Troubleshooting site access issues

Issues can be indicated by:

The crawl status (Failed or Skipped) and category (Fetch). Reasons for this status include specific meta tags on your page, or the page being blocked by the Crawler’s ad blocker.
An error message

The Crawler might run into site access issues due to:

Issue	Error messages
Problems with SSL certificates	`SSL error`
URL redirects	`HTTP redirect (301, 302)` `HTTP redirect (301, 302) - Not followed` `JavaScript redirect - Not followed`
Document type actions	`File type didn't match any action`
Document extraction timeout	`Document extraction timeout reached`
Tika errors	`Document extraction: unprocessable document` `Tika Error`
Safety check breaches	`Too many failed URLs` `Too many missing records`
Robots.txt restrictions	`Forbidden by robots.txt`
HTTP status errors	`Content-Type not supported` `HTTP Bad Request (400)` `HTTP Connection Error (502,503,504)` `HTTP Forbidden (403)` `HTTP Gone (410)` `HTTP Internal Server Error (500)` `HTTP Not Found (404)` `HTTP Not Implemented (501)` `HTTP Status Code not supported` `HTTP Too Many Requests (429)` `HTTP Unauthorized (401)`
DNS error	`DNS error`
Network error	`Fetch timeout` `Network error`

SSL issues

SSL (Secure Sockets Layer) errors indicate that your site’s domain name doesn’t match the domain name listed in its SSL certificate. This can happen if the domain named changed, and wasn’t updated in the SSL certificate, or if you accidentally use one certificate for several domains. When the Algolia Crawler checks your site’s SSL certificate, it validates its authenticity by comparing it to trusted certificates issued by a certificate authority (CA). Different browsers maintain their own trusted CA lists. This can lead to a site rendering in a browser but causes issues for the Algolia Crawler (or vice versa). The error message UNABLE_TO_VERIFY_LEAF_SIGNATURE indicates that the Crawler couldn’t verify the authenticity of your SSL certificate. To learn more, see How certificate chains work

Investigation

If an intermediate certificate authority (CA) has verified your SSL certificate, you must also install their verification certificate on your site. To ensure your SSL certificate is set up correctly, use tools like OpenSSL. Using OpenSSL, run a command like this from your terminal:

Command line

openssl s_client -showcerts -connect algolia.com:443 -servername algolia.com

If your SSL certificates are set up correctly, the output from the command includes the statement Verify return code: 0 (ok), and no errors. If there’s a problem, you’ll see error messages indicating what’s wrong. For example:

Command line

CONNECTED(00000005)
depth=0 C = FR, L = PARIS, O = Algolia, CN = Algolia.com
verify error:num=20:unable to get local issuer certificate
verify return:1
depth=0 C = FR, L = PARIS, O = Algolia, CN = Algolia.com
verify error:num=21:unable to verify the first certificate
verify return:1

Solution

How you fix your SSL certificate setup depends on the web server you’re using. For information about different web servers, see What’s My Chain Cert.

Redirect issues

A crawler might follow a URL redirect but won’t crawl the new page. This might occur if the new page isn’t included in the crawler’s actions.

Solution

Add any missing domains.
Update pathsToMatch in the crawler configuration to allow the redirected page to be crawled.

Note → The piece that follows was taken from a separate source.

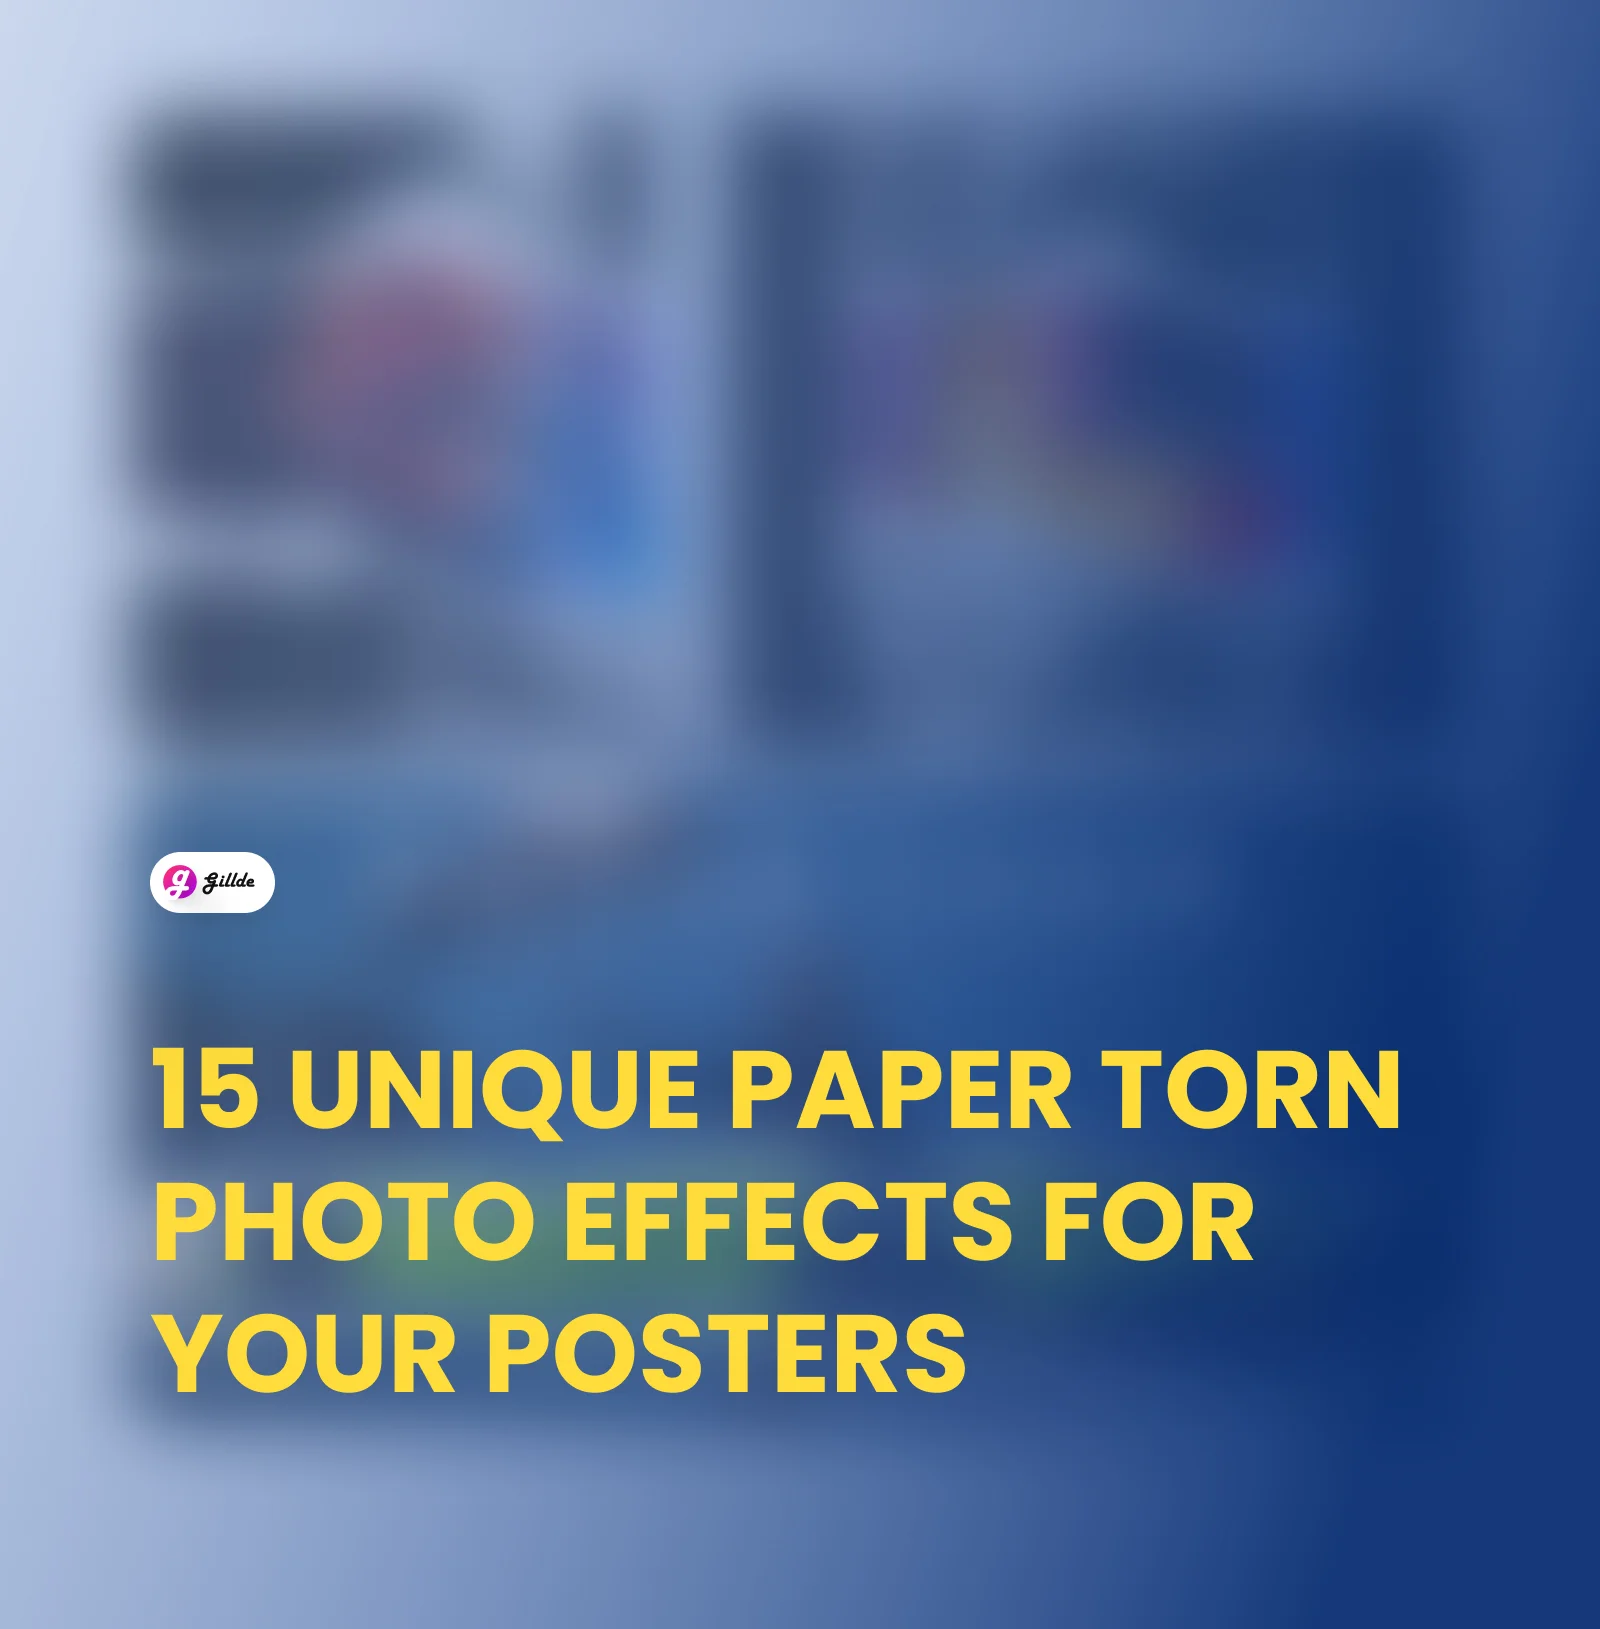 Paper Torn Photo Effects
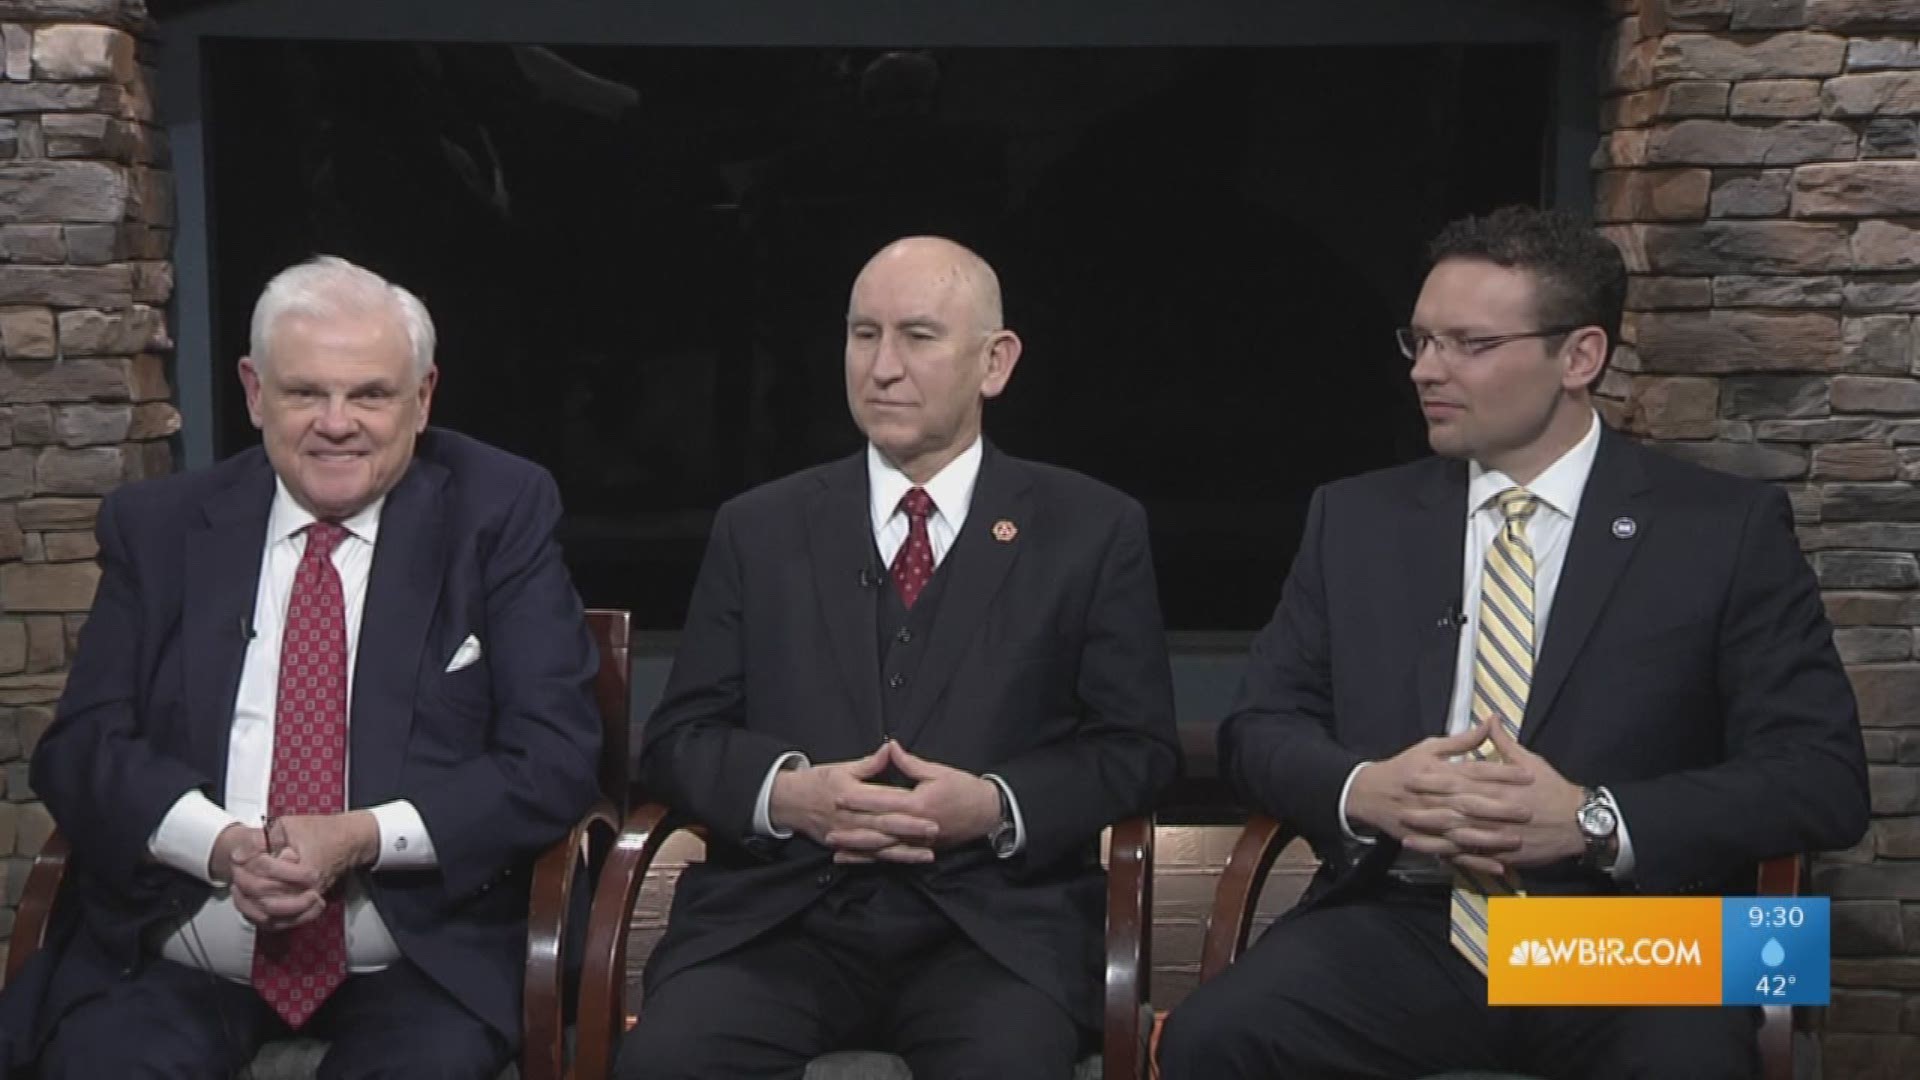 State Sens. Ken Yager and Richard Briggs and state Rep. Jason Zachary talk about the ongoing legislative session.

Issues crawling non-HTML documents

The Crawler uses the Apache Tika toolkit to extract content from non-HTML documents such as PPT, XLS, and PDF. This process can fail if:

You don’t have an action to handle this document type
It took too long to extract content from the document
Tika generated an error due to an incompatible or password-protected document.

For more information, see Extract data from non-HTML documents

Document type actions

If the crawler encounters a document with no matching action in the crawler configuration, it generates an error.

Solution

Review your crawler configuration and ensure that the document type is included in an action.

Document extraction timeout

The request took too much time to resolve. This can happen when encountering an unusually large or complex document, such as a PDF or an Excel spreadsheet with many tables.

Solution

If possible, split the document into smaller parts.

Tika errors

PDF document extraction failed due to a Tika error. Tika generates errors for a variety of reasons. For more information, see the Apache Tika documentation

Solutions

Cause of Tika error	Solution
PDF is password-protected	Remove password-protection
PDF is too big	Split the document into smaller parts
PDF is in an incompatible format	Convert the PDF to an earlier version

Safety check breaches

If you’ve configured a safety check to stop crawling at certain threshold, this error message is shown when that limit is reached.

Solution

Use the URL Inspector to see what caused the failures.

Domain issues

Some site access issues are caused by domain-level problems such as:

Forbidden by `robots.txt`

The crawler won’t follow a URL if the path isn’t allowed by your robots.txt directives.

Solution

Update your robots.txt file for each domain to ensure paths are allowed.

HTTP status errors

If a URL returns an error message, the crawler can’t access those pages.

Solution

Check that you haven’t hit a rate limit for your Algolia plan
Use an HTML markup validator to identify and resolve HTML errors in your source content. Fix any HTTP server errors on the domain itself: ensure the correct HTTP response codes are being sent.

DNS errors

You may see DNS errors if your crawler can’t connect with your domain due to one of these conditions:

DNS timeout: your DNS server didn’t reply to the request in time
DNS lookup error: your DNS server failed to locate your domain name.

Solution

If you’re running your own DNS server, ensure it’s online and not overloaded.
Ensure the Crawler’s IP address (34.66.202.43) isn’t blocked by a firewall rule
Ensure that both UDP and TCP requests are allowed
Look at your DNS records. Check that your A and CNAME records point to the correct IP address and hostname, respectively.
Check that all your name servers point to your site’s IP addresses.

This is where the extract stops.